The runtime should be able to explain why each item entered the context and why other available material stayed out.

Primitive 7: Trace

Traces make behavior reviewable. Without them, debugging collapses into reading final answers and guessing.

type TraceEvent = {
  runId: string;
  step: number;
  type:
    | "context_built"
    | "decision"
    | "policy_decision"
    | "tool_result"
    | "stop";
  data: unknown;
};

Trace events should connect the model decision, policy result, tool call, observation, cost, latency, and stop reason.

Primitive 8: Eval Harness

Agent evals should inspect paths, not only answers.

type EvalCase = {
  caseId: string;
  input: string;
  expected: {
    toolsCalled?: string[];
    toolsNotCalled?: string[];
    stopReason: StopReason;
  };
};

Useful evals catch forbidden tools, missing evidence, approval bypasses, invalid decisions, repeated side effects, and budget exhaustion. A plausible final answer is not enough if the trajectory was unsafe.

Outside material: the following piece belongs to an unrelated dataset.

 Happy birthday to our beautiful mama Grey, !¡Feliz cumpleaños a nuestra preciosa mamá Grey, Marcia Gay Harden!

How This Maps to Frameworks

Runtime Primitive LangGraph Mastra AI AutoGen-style Systems CrewAI
State graph state and checkpoints workflow and memory state conversation/session state flow state
Decision node output or router result agent response or workflow step agent message task output
Loop graph traversal workflow/agent runtime conversation turn loop flow execution
Tool registry tools bound to nodes or agents tools callable functions/tools role tools
Policy gate guard node or middleware workflow/tool policy manager or wrapper flow guard or task constraint
Context packet node input state agent context and memory message set task context
Trace callbacks and checkpoints observability/evals logs and messages task and flow logs
Eval harness graph-level tests eval suites transcript/trajectory tests task/flow quality checks

Frameworks can package these primitives, but they do not remove the need to design them.

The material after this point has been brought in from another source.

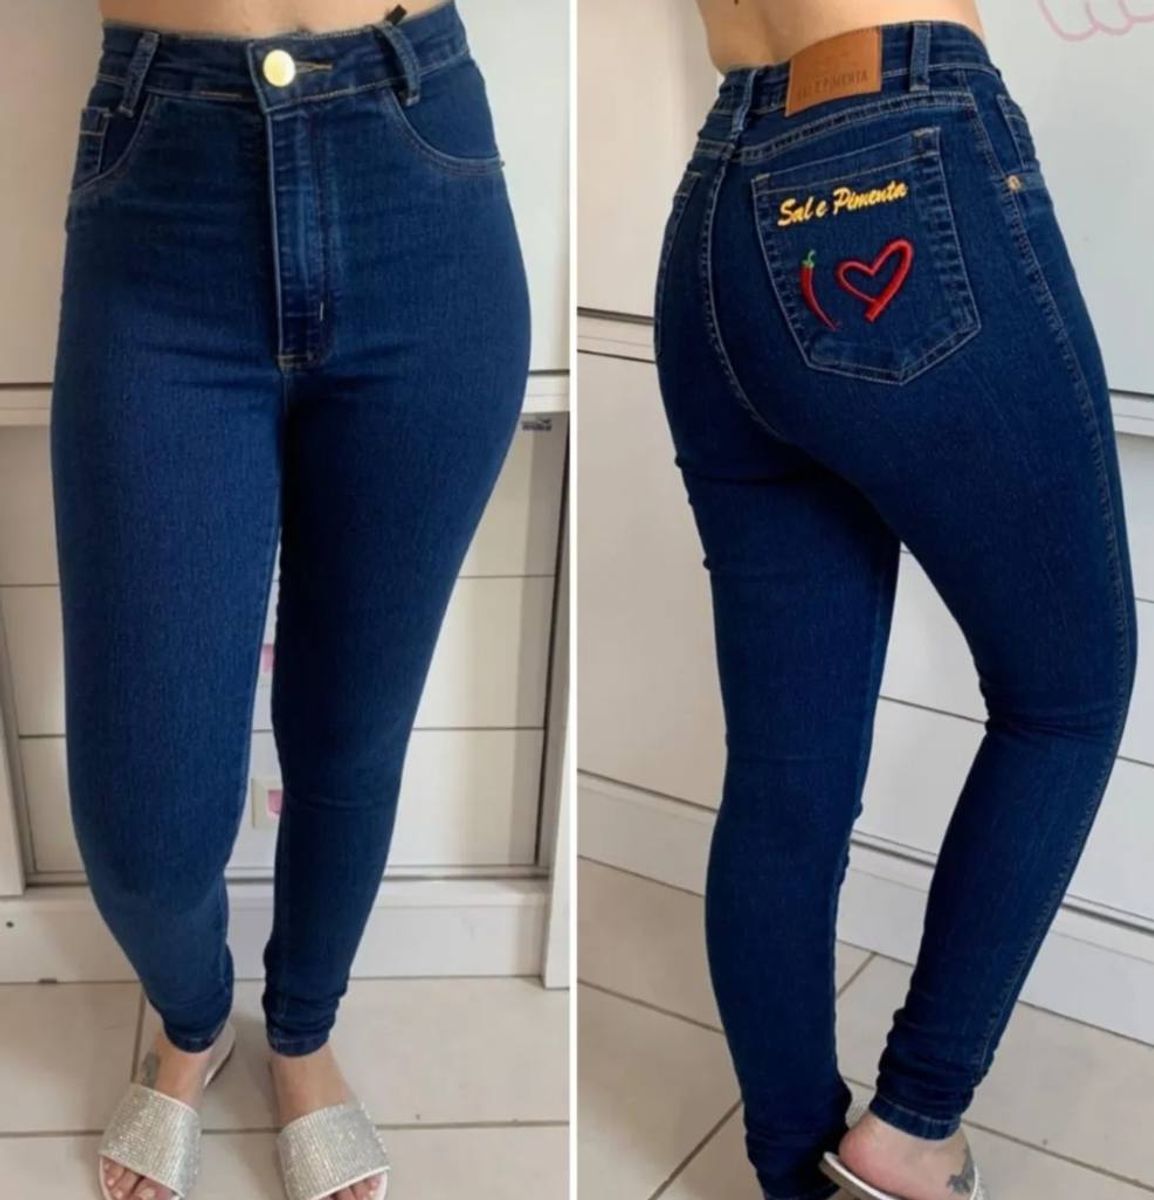 calça jeans feminina sal e pimenta ORIGINAL linha premium estampa laser

The important comparison is responsibility, not API shape:

Question If You Build It Yourself If You Use A Framework
Who owns state? Your runtime data model and persistence plan. The framework may provide state containers or checkpoints, but your application still defines the business state.
Who authorizes tools? Your policy function, approval records, and audit trail. The framework can expose hooks or middleware, but product policy still belongs outside the prompt.
Who assembles context? Your context builder chooses memory, evidence, tools, and omissions. The framework can provide memory abstractions, but you still need source, freshness, and privacy rules.
Who evaluates behavior? Your tests inspect decisions, tools, traces, and stop reasons. The framework can run evals, but you still decide what unsafe or low-quality behavior means.
Who handles production failures? You must add retries, idempotency, durability, alerts, and incident workflow. Mature runtimes can provide pieces of this, but they must be configured against your risk model.

What the Labs Do

The mini-framework labs implement the primitives in three passes:

  1. Lab 09 - Minimal Agent Loop builds state, decisions, loop control, and stop reasons.
  2. Lab 10 - Tool Registry and Policy Gate adds tools, policy decisions, approval-required outcomes, and refusal paths.
  3. Lab 11 - Context, Memory, Trace, and Evals adds context packets, scoped memory, trace events, and trajectory evals.

Do the labs if you want implementation intuition. Read this chapter alone if you only need the mental model.

Design Rule

Build the tiny runtime to learn. Ship with mature runtime capabilities when the system must survive real users, real data, real side effects, and real incidents.